A little over a year ago I began consistently practicing yoga, an exercise I had discarded years ago. It was too slow for me, too boring. It wasn’t until I found the app Downward Dog, which allows you to personalize the length and focus of your workout, that I realized I loved yoga. In a year I’ve transformed from someone who could barely bend past her knees, to someone who can almost lay her palms flat on the floor. Yoga’s also helped expand my patience, and in turn my mental health. I realize the power of focusing on my breath and have learned to appreciate quiet moments.

And though I hate running, lately I find myself lacing up my shoes and running around when the morning is still cool. The first few times I’d come home, panting like a dog laid out in the summer sun, and declare, “I hate running.” But I kept going out, not because I have some new sparked passion for running, but because it’s reminded of that feeling of pushing yourself to exhaustion that I only got from coaches yelling at me on the field. It’s a feeling I used to dread, that is now missed.

The most important part of my health journey through transitioning from adolescence to adulthood has been the importance of my mental health. We all tend to be harder on ourselves than the world is. We all are able to look in the mirror and quickly identify faults that others may never notice. It’s important to remember to be kind to your body above all—whether that be by making sure it had adequate food to sustain itself, or by creating a dialogue with your body that is compassionate instead of condemning.

It’s okay to gain weight. In quarantine, the comforting fact is that most of us have. It’s healthy and normal to not fit into the same size pants that you did in high school. It’s normal that your body weight fluctuates. Most importantly though, remember your worth never derives from your body.

Personally, I never check my weight on a scale. For a long time I was hyper-focused on a number that I wanted to be. In high school I’d dreamed of being a Victoria’s Secret Angel, and looked up the models’ weights. I’d have to get down to 135 pounds.

Now I’m somewhere around 160 pounds. I couldn’t tell you the exact number because I don’t know. And I don’t care. I can look in the mirror and judge if I’ve been overeating or not, and adjust accordingly.

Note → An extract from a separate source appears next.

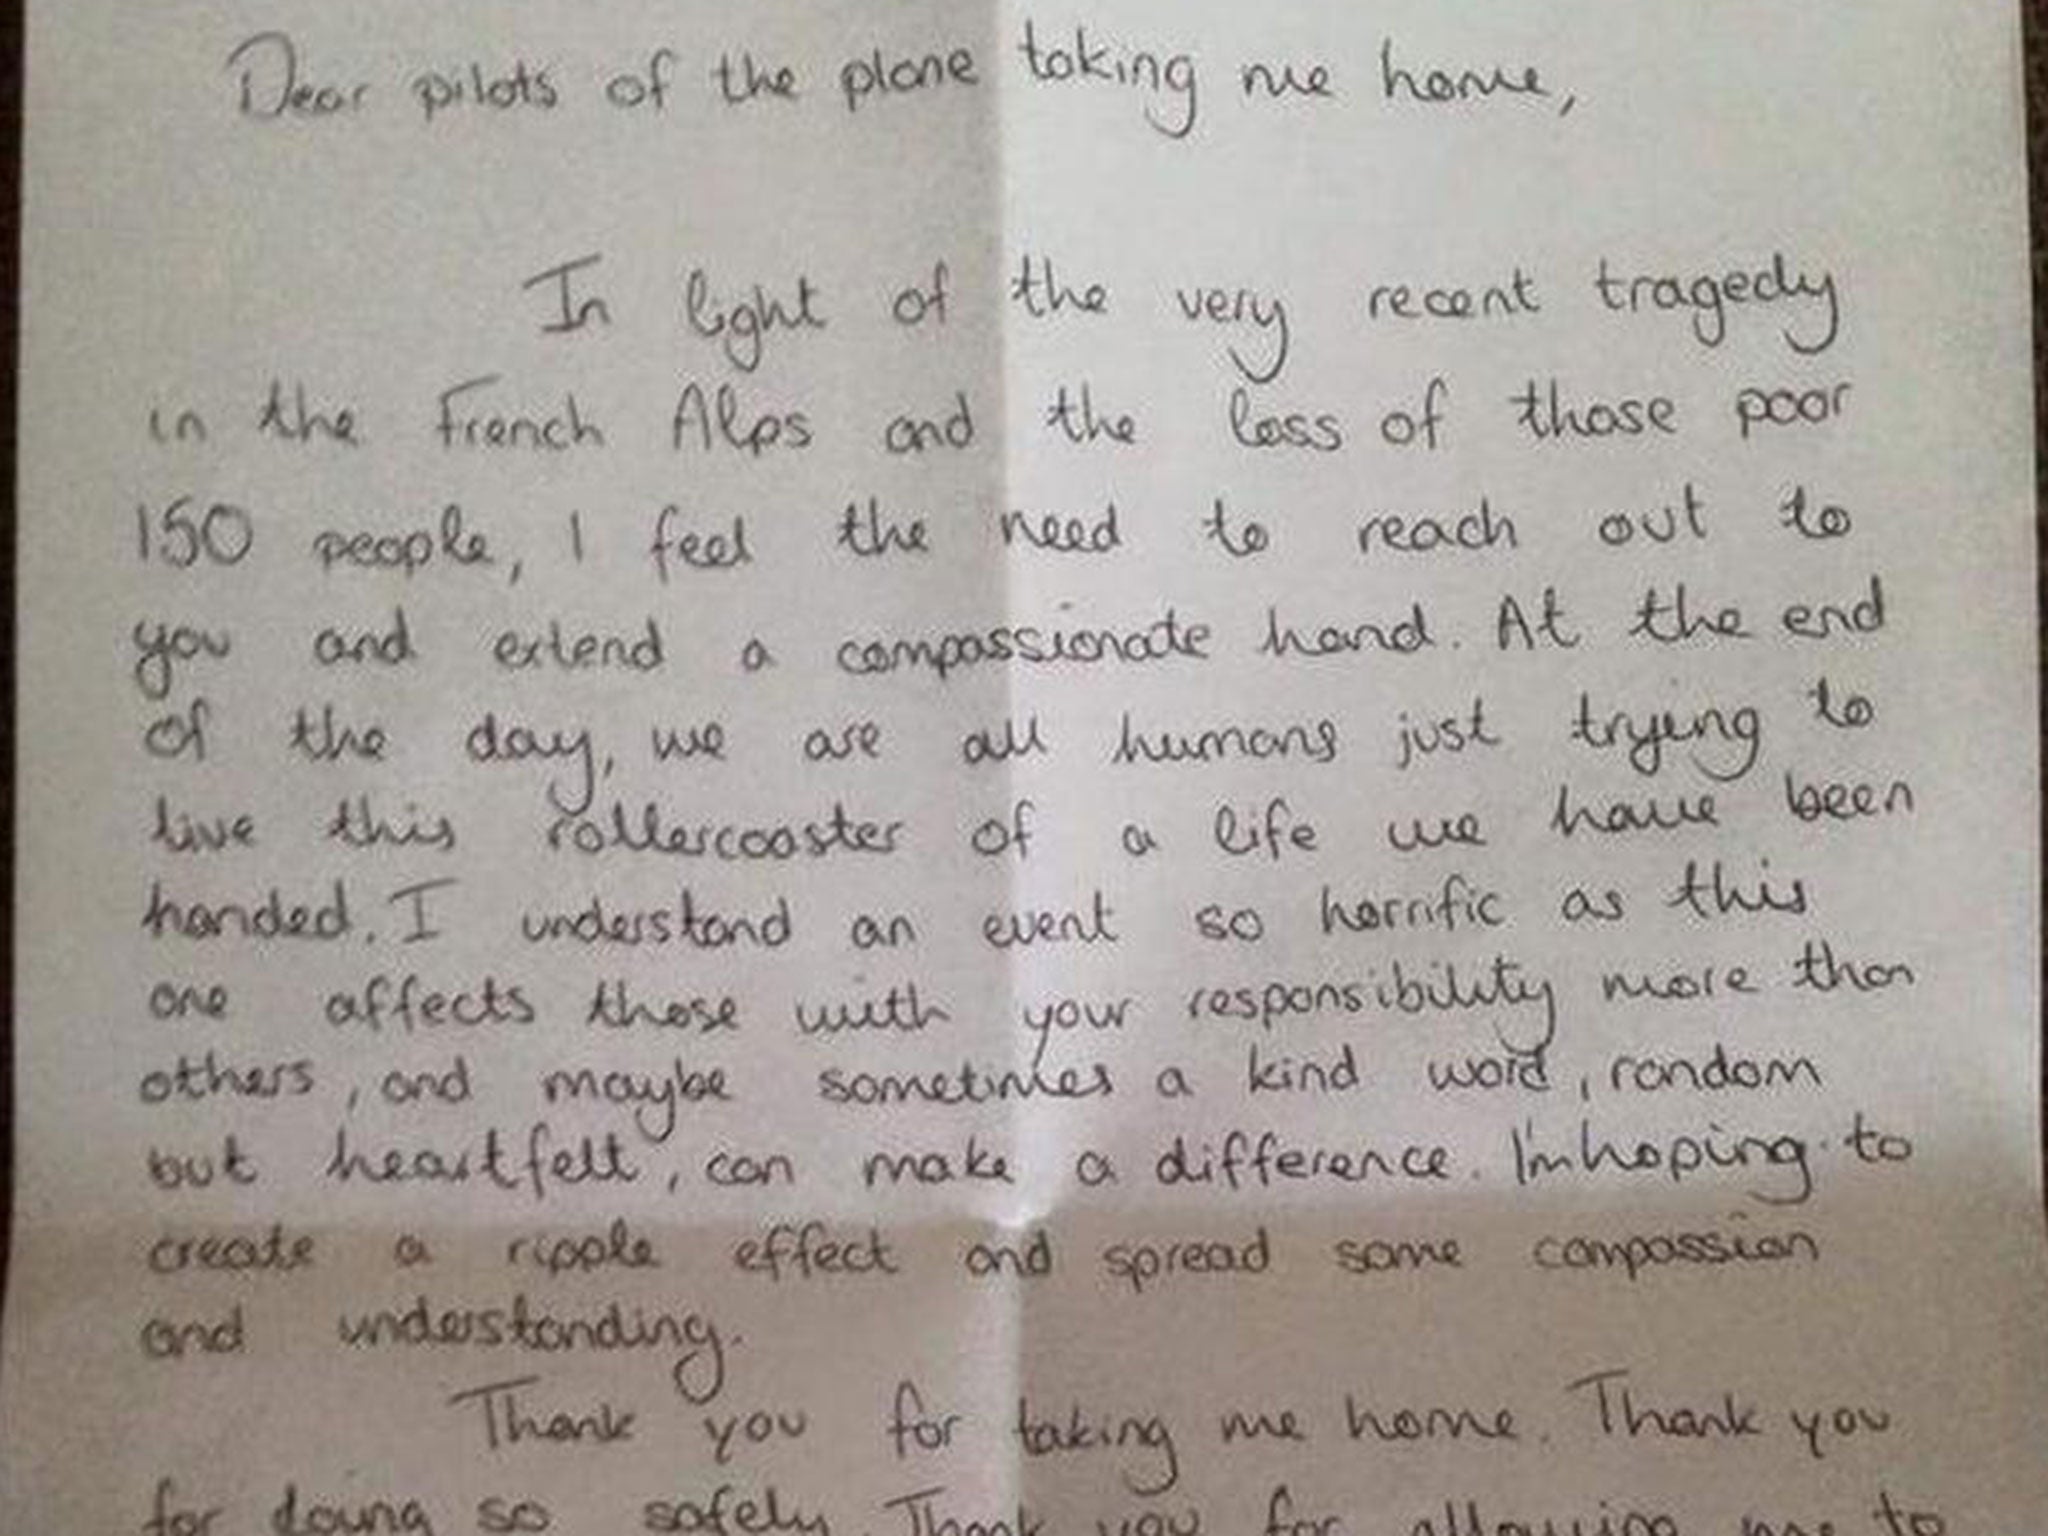 The letter showed support for pilots after the Germanwings disaster

But honestly, with my gained weight I love how my thighs have filled out, converging between my legs annihilating the thigh gap I used to strive for. I love how my full body shows that I’m healthy. I love how the food I eat energizes me. I love feeling comfortable in my body and not being concerned on a number that means nothing in reality.

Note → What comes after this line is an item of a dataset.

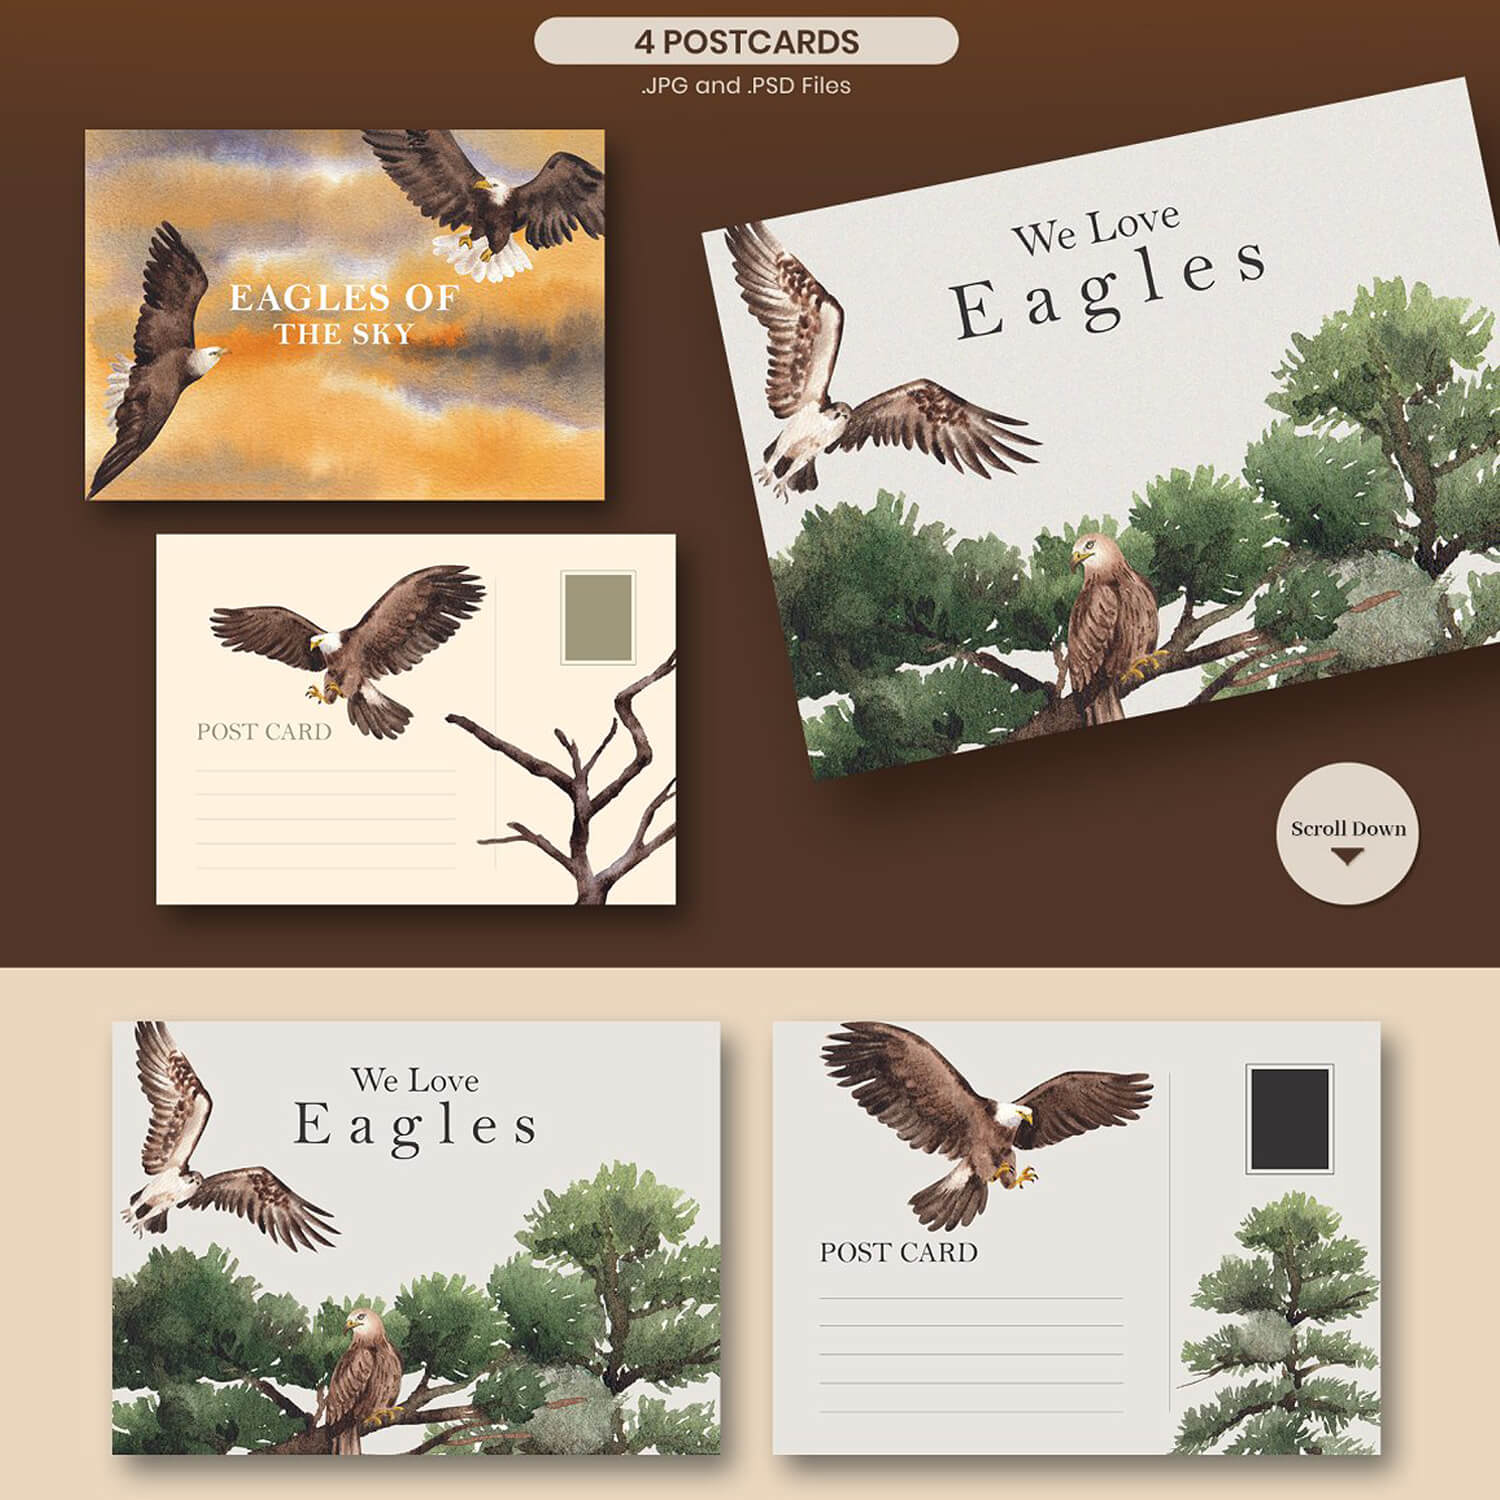 4 postcards with watercolor images of eagles.

As we have discussions about health it’s imperative to have an approach that is kind to ourselves. Health is a struggle, it can be a battle, but really it’s a journey. There are ups and downs. Days when you feel so accomplished and others where you feel like you’re at ground zero. Keep on.

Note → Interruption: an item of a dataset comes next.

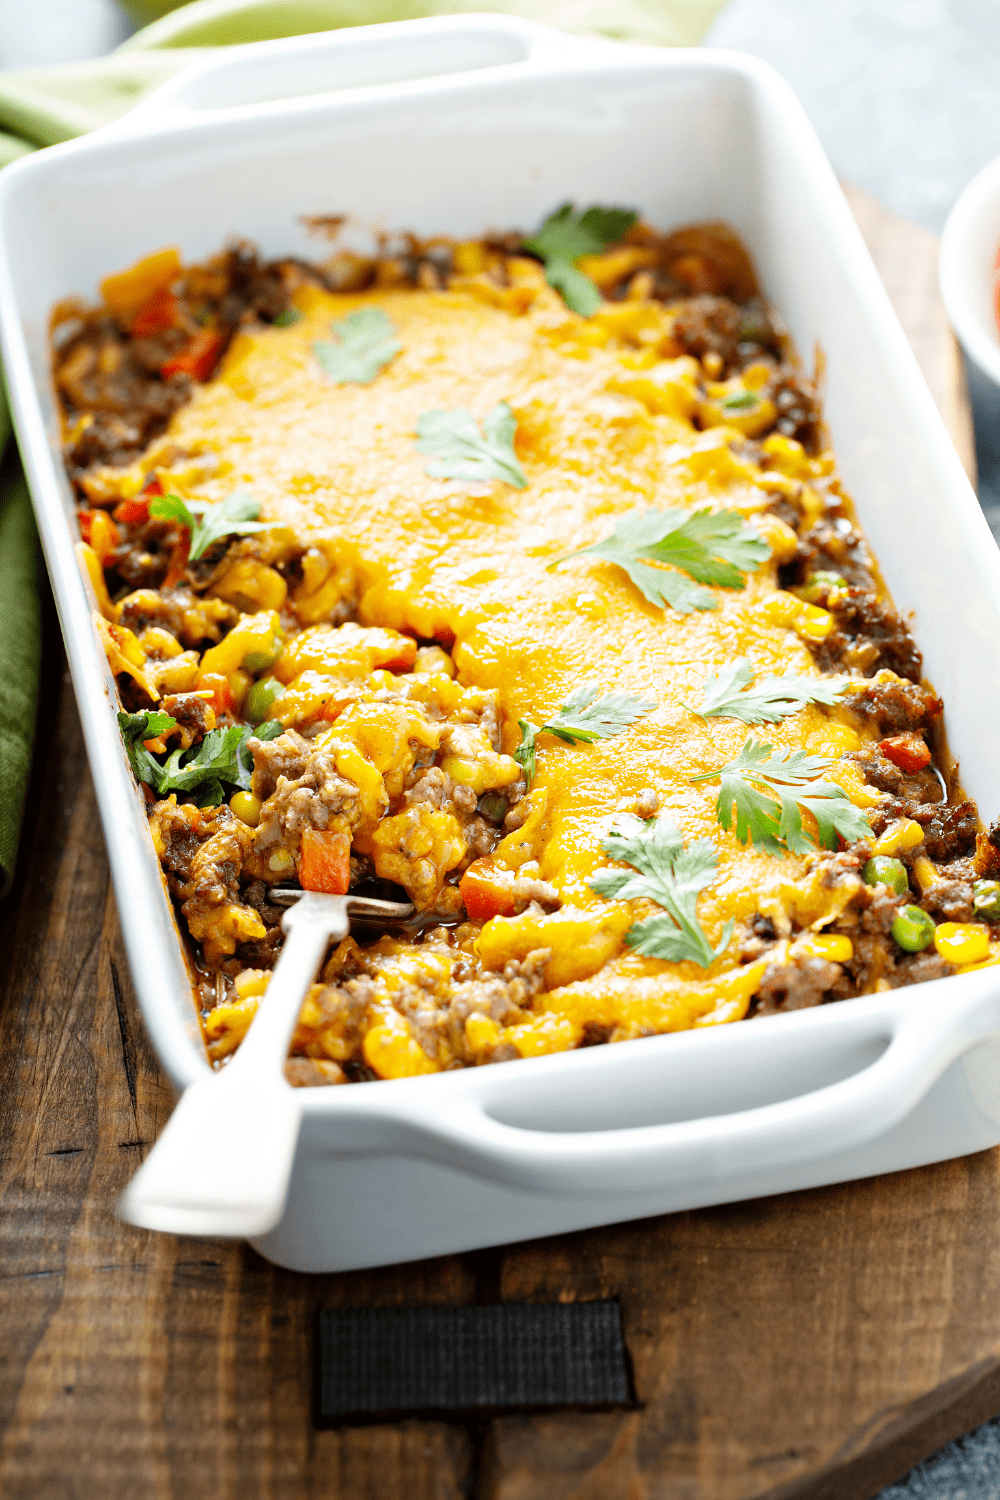 Ground beef casserole with corn and peas with melted cheese on top.

Don’t get fixated on what other people are doing, or what weight you need to get down to. Our body isn’t some object of vanity to be picked and prodded, but an extension of ourselves to be honored and cared for. Don’t deny it food because you’re trying to lose weight, or do a rigorous exercise when it’s tired.

Learn to listen to your body. Become in tune with your mental and physical health, and respond with love.